Chapter 45 - Negosiasi Cinta

H.G CORPORATION

"Apa ini?" tanya Bryan mengangkat amplop putih dan tidak tersenyum. Nisa menarik napasnya dengan tenang sebelum menjawab.

"Surat pengunduran diri" mata Bryan sedikit memicing lalu ia tertawa kecil seperti mengejek. Bryan meletakkan lagi amplop putih itu di atas meja dan menyandarkan punggungnya ke kursi. Ia tidak melepaskan pandangannya ke Nisa. Sedangkan Nisa tidak gentar dan tetap menantang Bryan. Tapi Bryan sudah tau ini akan terjadi.

"Kamu tau apa yang kamu lakukan, Snowflakes?" tanya Bryan sambil menyentuh cincin di jari telunjuknya.

"Tentu, Nisa punya alasan." Bryan mengangguk. Lalu dia berbalik dan membuka salah satu laci di lemari yang ada di belakangnya. Bryan mengeluarkan sebuah dokumen dalam sebuah amplop coklat lalu meletakkannya di atas meja.

"Itu kontrak kamu, Snowflakes, apa kamu benar-benar yakin sudah baca seluruh isi kontrak yang kamu tanda tangani?" Nisa mengerutkan keningnya. Tentu ia sudah membacanya karena ia membahasnya lebih dari satu jam dengan Bram sebelum tanda tangan.

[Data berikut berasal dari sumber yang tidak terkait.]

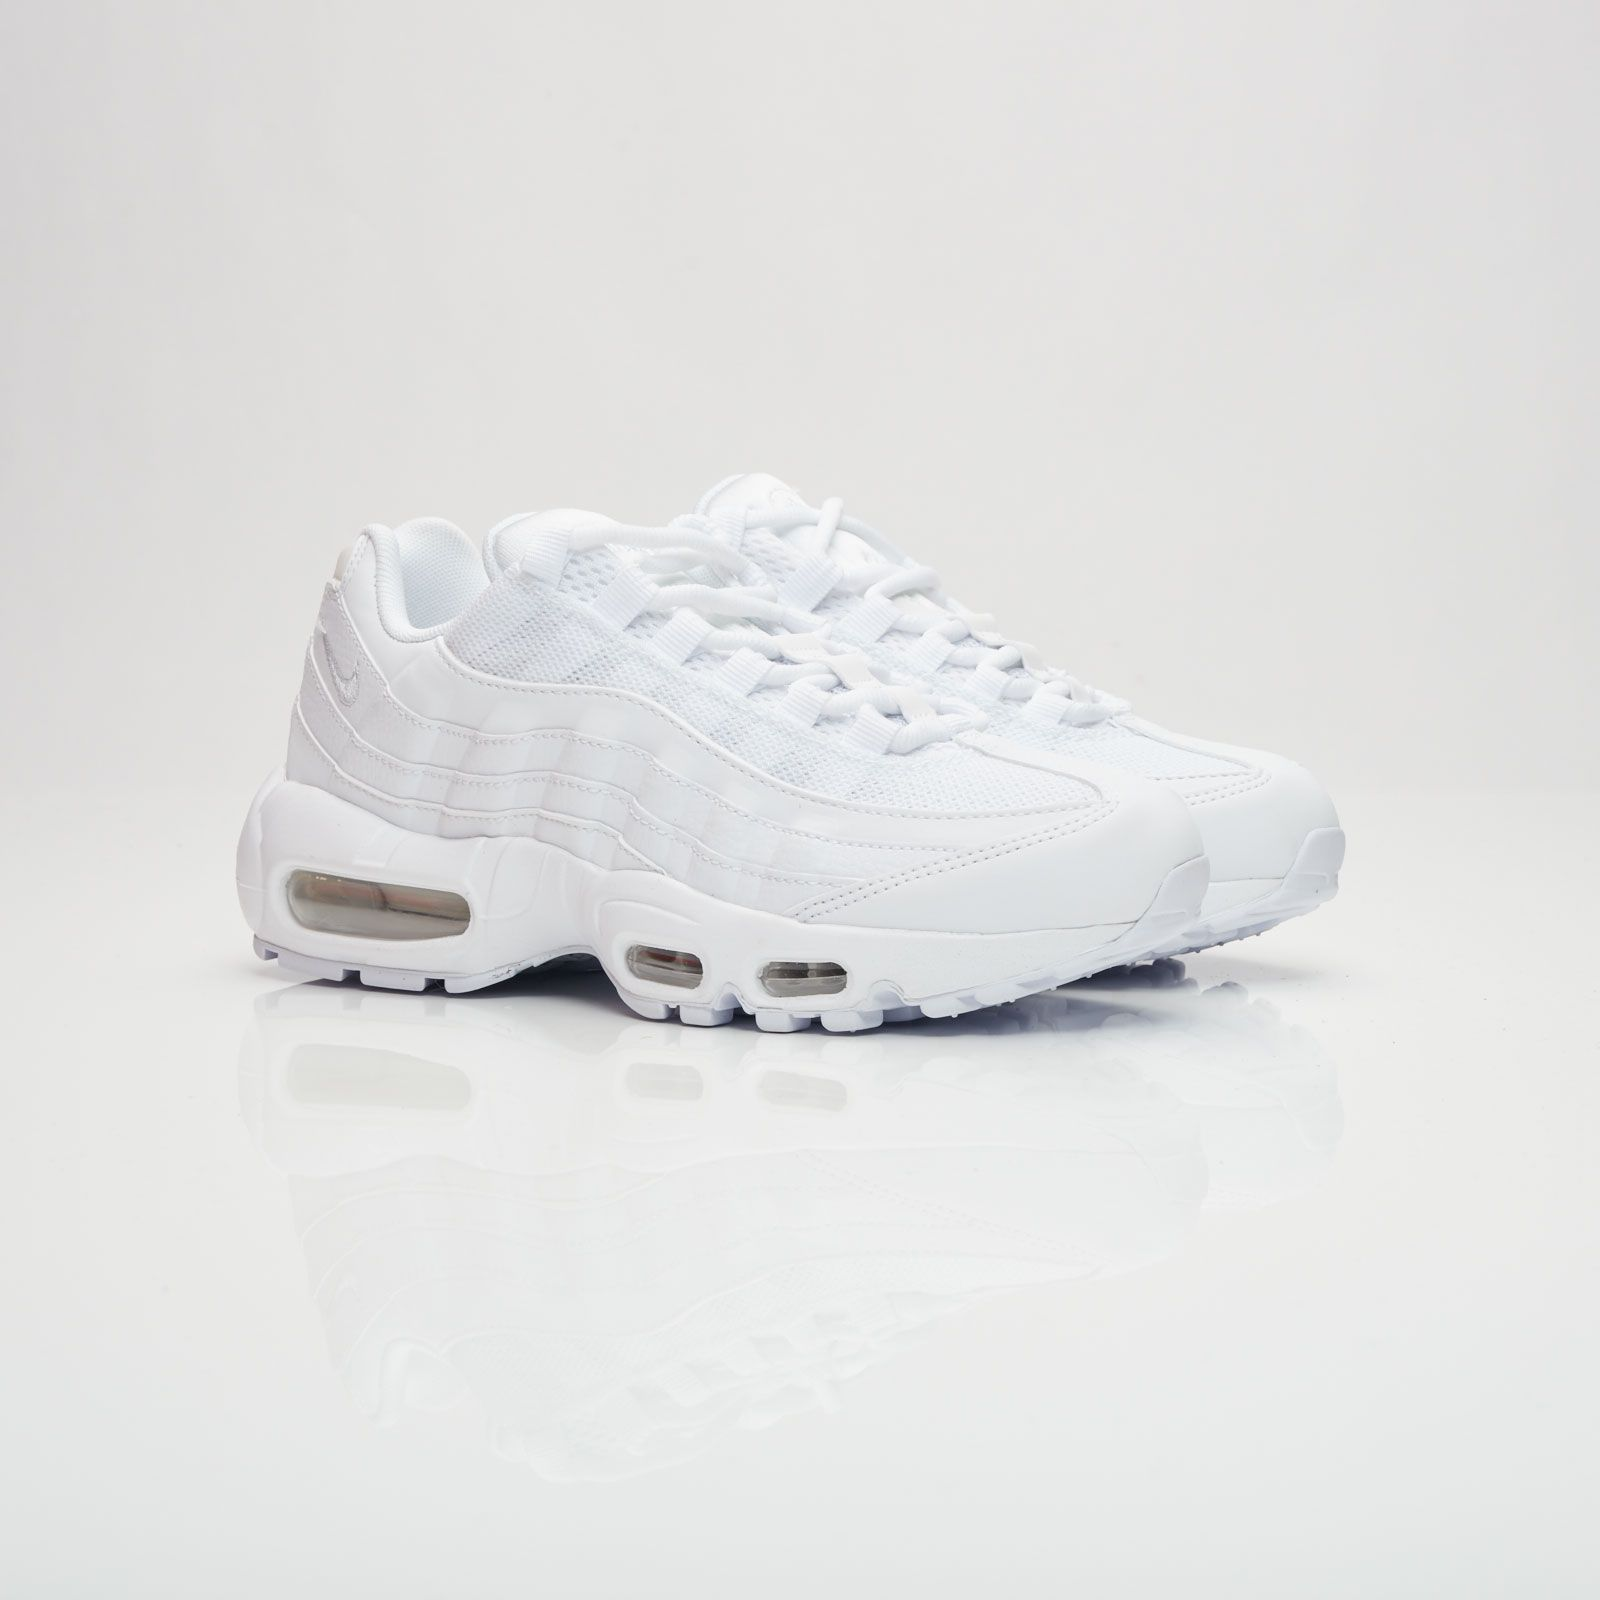 86f86249fb Nike Wmns Air Max 95 | Sneakers | Pinterest | Air max 95 and Air max

Semua klausul sudah ia baca tidak ada yang mencurigakan.

"Kalau gitu biar kakak ingatkan, salah satu klausul dalam kontrak kamu mengatur pinalti karena pelanggaran kontrak dan pemutusan sepihak, dan denda nya 2 miliar!" mata Nisa membesar, tunggu tidak ada klausul itu sewaktu ia tanda tangan. Bryan pasti berbohong. Nisa pun mengambil dokumen itu dan membacanya kembali. Tidak... ini tidak mungkin pasal ini terlewatkan olehnya. Tapi ia yakin sudah membaca semuanya.

"Ini pasti penipuan, sewaktu Nisa tanda tangan klausul ini tidak ada. Kakak pasti menjebak Nisa!" ujarnya kaget dan wajah yang mulai pucat. Tapi Bryan malah tersenyum dan berdiri dari tempat duduknya. Ia menghampiri Nisa dan mengambil dokumen dari tangan Nisa dan meletakkan kembali ke atas meja lalu mengambil tangan Nisa.

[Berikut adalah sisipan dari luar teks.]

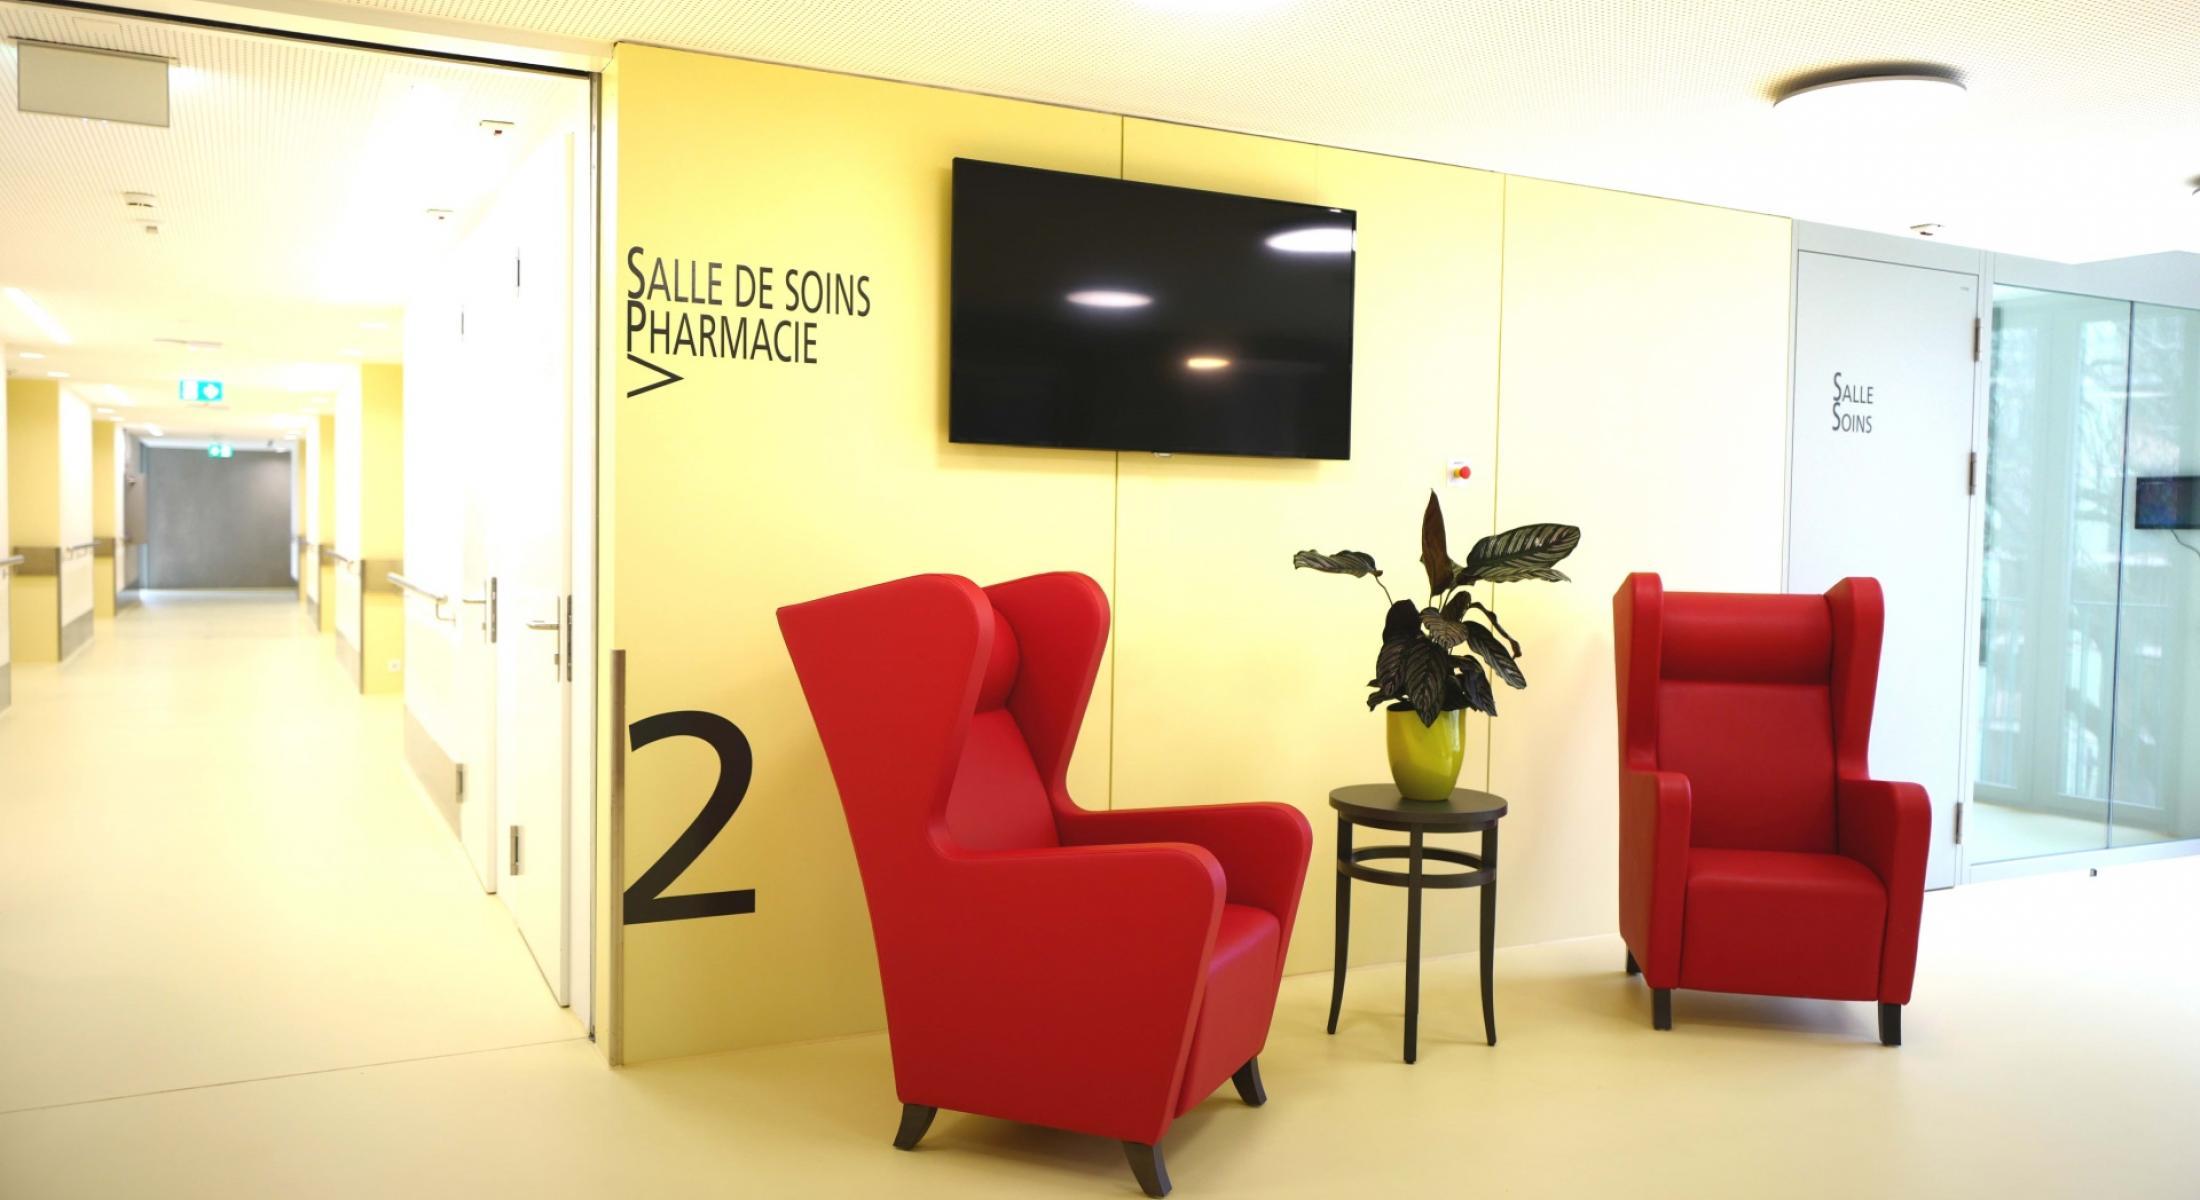 Creating Hospitality - EMS STELLA GENEVE 1 - Suisse _LR_23

"Come here Princess, let's talk!" ujarnya lembut sambil menarik Nisa salah satu sudut ruangan dengan meja visual. Nisa seperti tidak memiliki kendali pada tubuhnya hanya ikut saja kemana Bryan membawanya. Tiba tiba Bryan menekan sebuah tombol terselubung dari balik lemari buku. Ia kemudian menempelkan telapak tangannya pada dinding dan terbukalah sebuah pintu. Kenapa ada ruangan rahasia disini? Oh tidak?

Nisa menarik tangannya dengan paksa, ia tidak ingin masuk ke dalam ruangan itu. Bryan sempat agak kaget tapi kemudian meraih lagi lengan Nisa menariknya masuk ke ruangan rahasia dibalik lemari buku. Mati aku- pikir Nisa, mungkin Bryan hendak membunuhnya.

Ruangan itu tidak terlalu besar lebih mirip sebuah kamar dengan satu buah ranjang ukuran queen size, sebuah meja dan kursi kerja serta sofa kecil dan tivi yang tertempel di dinding. Dinding ruangan itu seluruhnya dari kaca memisahkan dari pemandangan luar lantai 25 dan diberi tirai. Ruangan apa ini sebenarnya. Nisa masih melihat lihat seisi ruangan yang dia tidak tahu ternyata ada.

"Kamu suka? Ruangan ini Kakak yang rancang," ujar Bryan masih berdiri di depan pintu masuk. Tunggu mana pintunya, semuanya terlihat seperti dinding.

"Kita bisa istirahat disini kalau kamu capek dan tidak ada yang mendengar, ruangan ini kedap suara, kacanya anti peluru!" Bryan menunjuk ke arah dinding kaca yang mengitari ¾ ruangan.

"Untuk apa kaca anti peluru?" tanya Nisa polos.

"Supaya kalo kamu teriak, gak ada yang mendengar!" jawab Bryan santai. Mata Nisa langsung membesar, ia mulai ketakutan. Kakak tirinya ternyata psycho, gila. Nisa merasa ini akhir hidupnya, Bryan akan membunuhnya di ruangan ini lalu mayatnya tidak akan pernah ditemukan. Pikirannya memutar tayangan paling buruk dari kemungkinan ynag bisa terjadi padanya.

"Apa yang kamu pikirkan Snowflakes, come here!" ujar Bryan tersenyum mengulurkan tangannya tapi ditepis Nisa. Ia sudah keburu ketakutan, napasnya mulai sesak.

'Bagaimana caranya aku keluar dari sini?'-tanya batin Nisa.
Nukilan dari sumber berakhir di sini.